Columnists and reporters from the St. Louis Post-Dispatch will be sharing their views with Los Angeles Times readers during the National League Championship Series.
By getting all tangled up in (Dodger) blue in Game 3, the Cardinals fumbled away the opportunity to put the champagne on ice in advance of Game 4.
There will be no chance of a St. Louis celebration Tuesday, no chance of the Cardinals sweeping the Dodgers in the National League Championship Series.
If anything, during a messy and hopelessly incompetent 3-0 loss to the Dodgers on Monday in Game 3, the Cardinals played as if they had overindulged in champagne.
This was one fuzzy-headed performance.
Cardinals hitters were owned by Dodgers lefthanded starter Hyun-Jin Ryu. Jon Jay and Carlos Beltran played the outfield as if blindfolded. Third baseman David Freese left the game because of a "tight calf" and his status for Game 4 is uncertain. Daniel Descalso, pinch-running for Freese, was doubled off second base to snuff the lone St. Louis threat.
Instead of having a locked-down 3-0 series lead, the Cardinals gave the Dodgers hope, confidence, a chance to get dangerous hitter Yasiel Puig cranked up and a clear shot at leveling the series at 2-2. This was a wobbly night for the Birds on the Bat.
The Cardinals still lead this best-of-seven competition, two games to one, so let's offer an encouraging assessment: If Lance Lynn can keep the ball inside Dodger Stadium, and if the Cardinals' hitters are able to remember that the object of the game is to score runs, then the visiting team can go up 3-1, with at least a theoretical chance of beating Zack Greinke in Game 5, and then get to that champagne and the World Series.
At this point, that qualifies as an overly optimistic slant, because the St. Louis offense has vanished. And this series is starting to look a little like the 2012 NLCS, when the Cardinals experienced systematic failure to lose three consecutive games and blow a 3-1 series lead to the San Francisco Giants.
Am I being premature in my anxiety?
This much is certain for now: The Dodgers were defanged, down and demoralized after the first two games. And the Cardinals helped them get to their feet by playing one of their worst games of the season.
And if the Cardinals allow the Dodgers to tie this series 2-2, all of the momentum shifts to Los Angeles, and all of the pressure creeps to the St. Louis side.
If this series goes the full seven, the Dodgers would start (in order) Zack Greinke, Clayton Kershaw and Ryu in the final three games. That is, unless Manager Don Mattingly opts to throw Greinke on short rest in Game 4.

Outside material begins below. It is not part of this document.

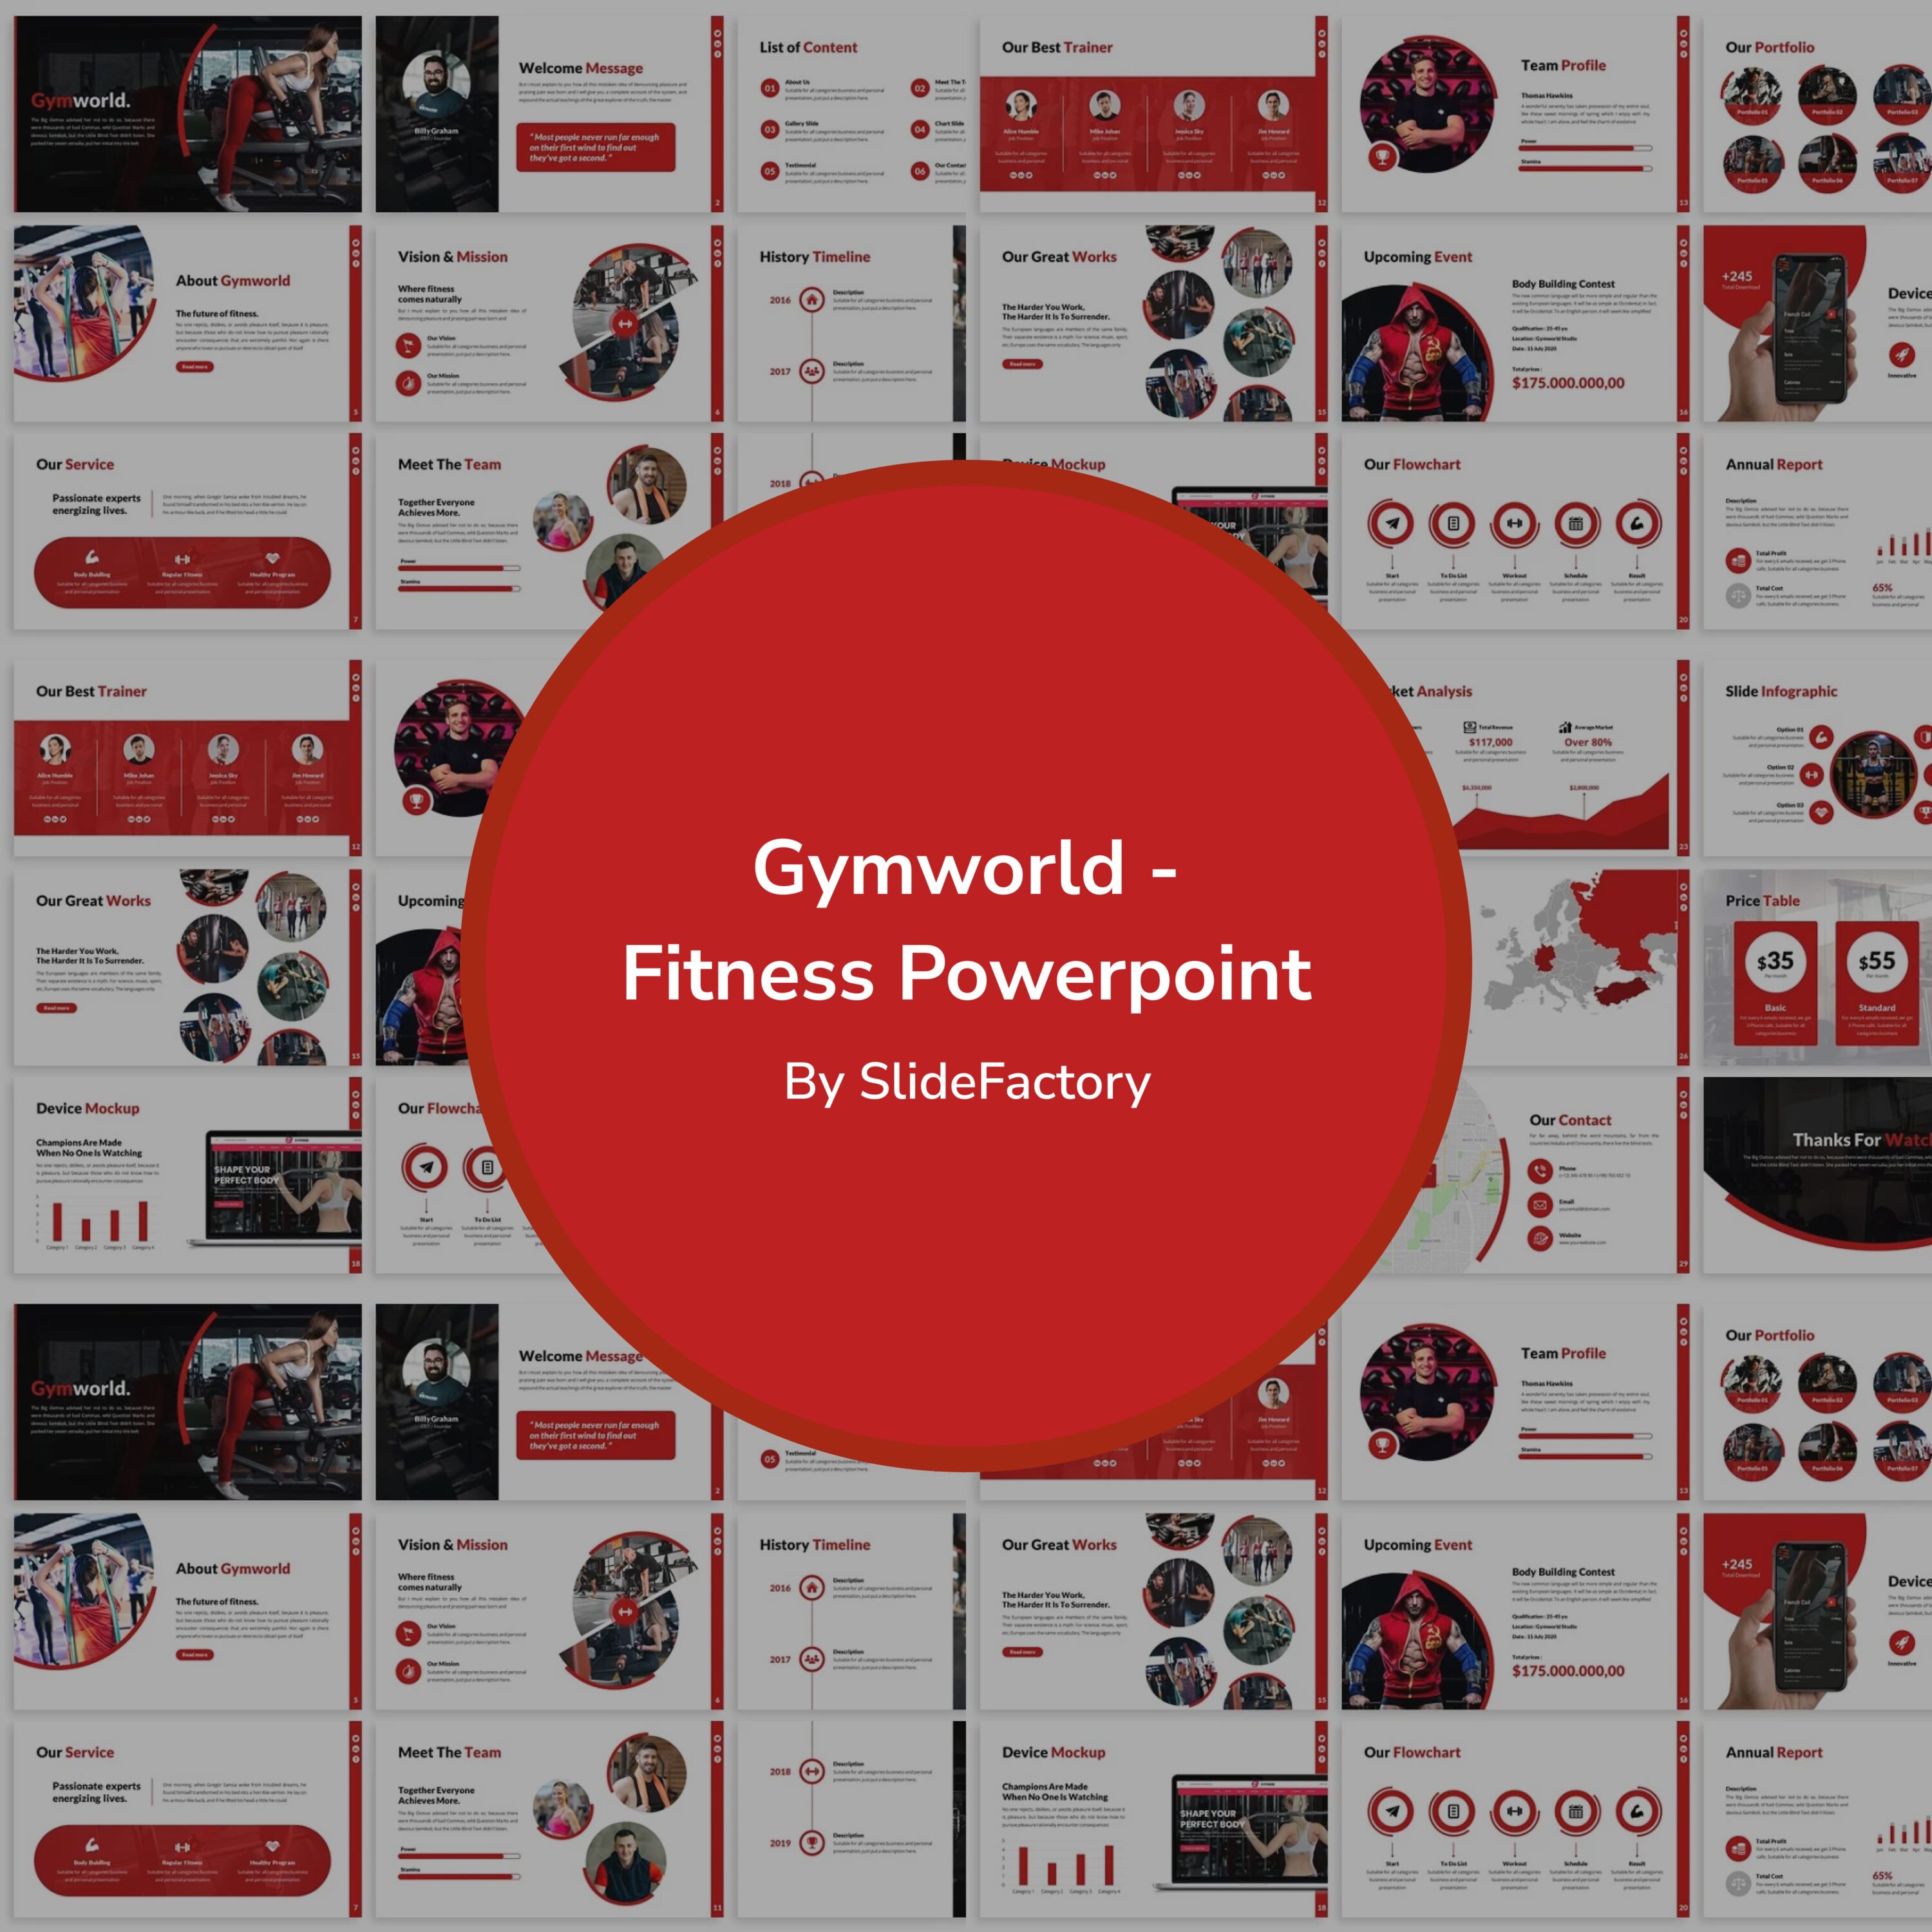 Gymworld - Fitness Powerpoint.

If the current alignment stays in place, here's what Greinke, Kershaw and Ryu did to the Cardinals in the first go-round: 21 innings, two earned runs, and nine hits allowed in 68 at-bats, a batting average of .132.

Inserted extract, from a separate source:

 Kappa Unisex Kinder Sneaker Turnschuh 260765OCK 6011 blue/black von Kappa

Through three games of this NLCS, the Cardinals have scored four runs, three earned, and are batting .134. They have scored two runs in the last 28 innings.
The offense is missing, just as it went missing against San Francisco last year, and Manager Mike Matheny and batting coach John Mabry had better locate it, and soon.

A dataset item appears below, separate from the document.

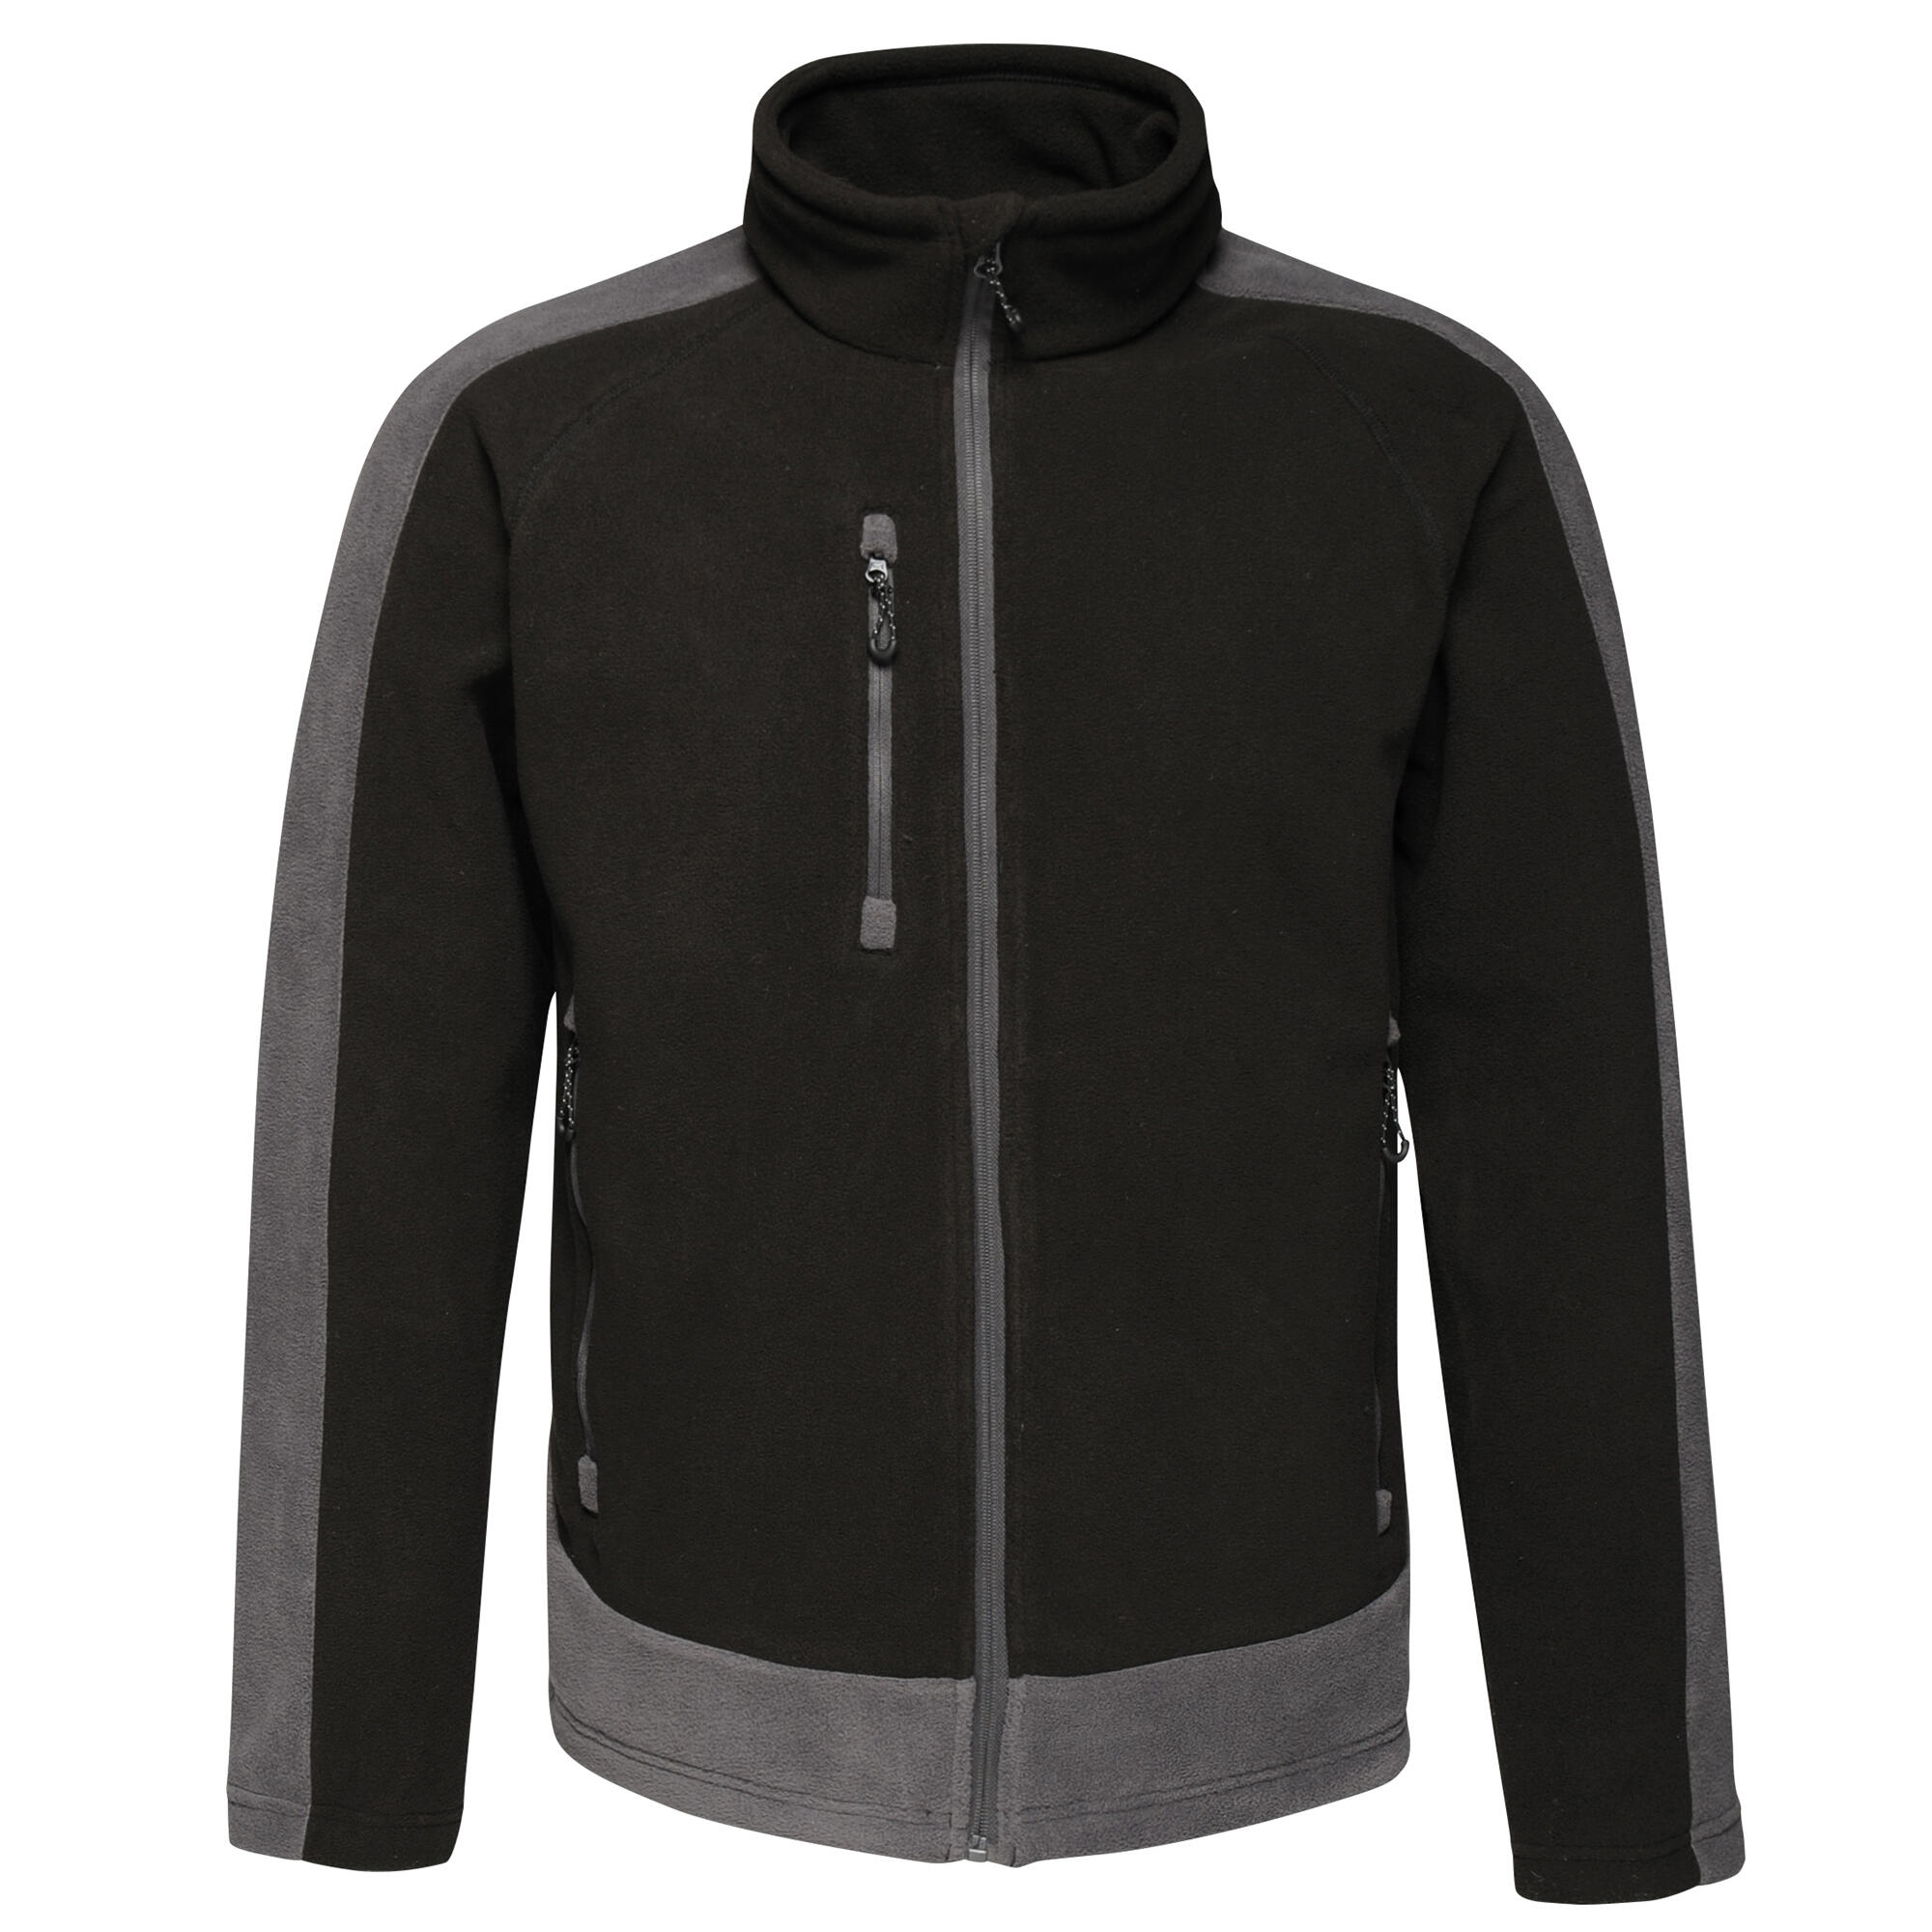 Contrast Mens 300 Fleece Top/jacket (black/seal) • SPORTAIGER

Starting pitchers Gerrit Cole, Francisco Liriano, Charlie Morton, Greinke, Kershaw and Ryu have limited St. Louis hitters to a .137 batting average, and had a 1.85 ERA in the matchups.
Yes, these are excellent pitchers. Yes, this is a small sample size. However, the postseason is a small sample. And if you can't muster more offense than this, you'll be going home.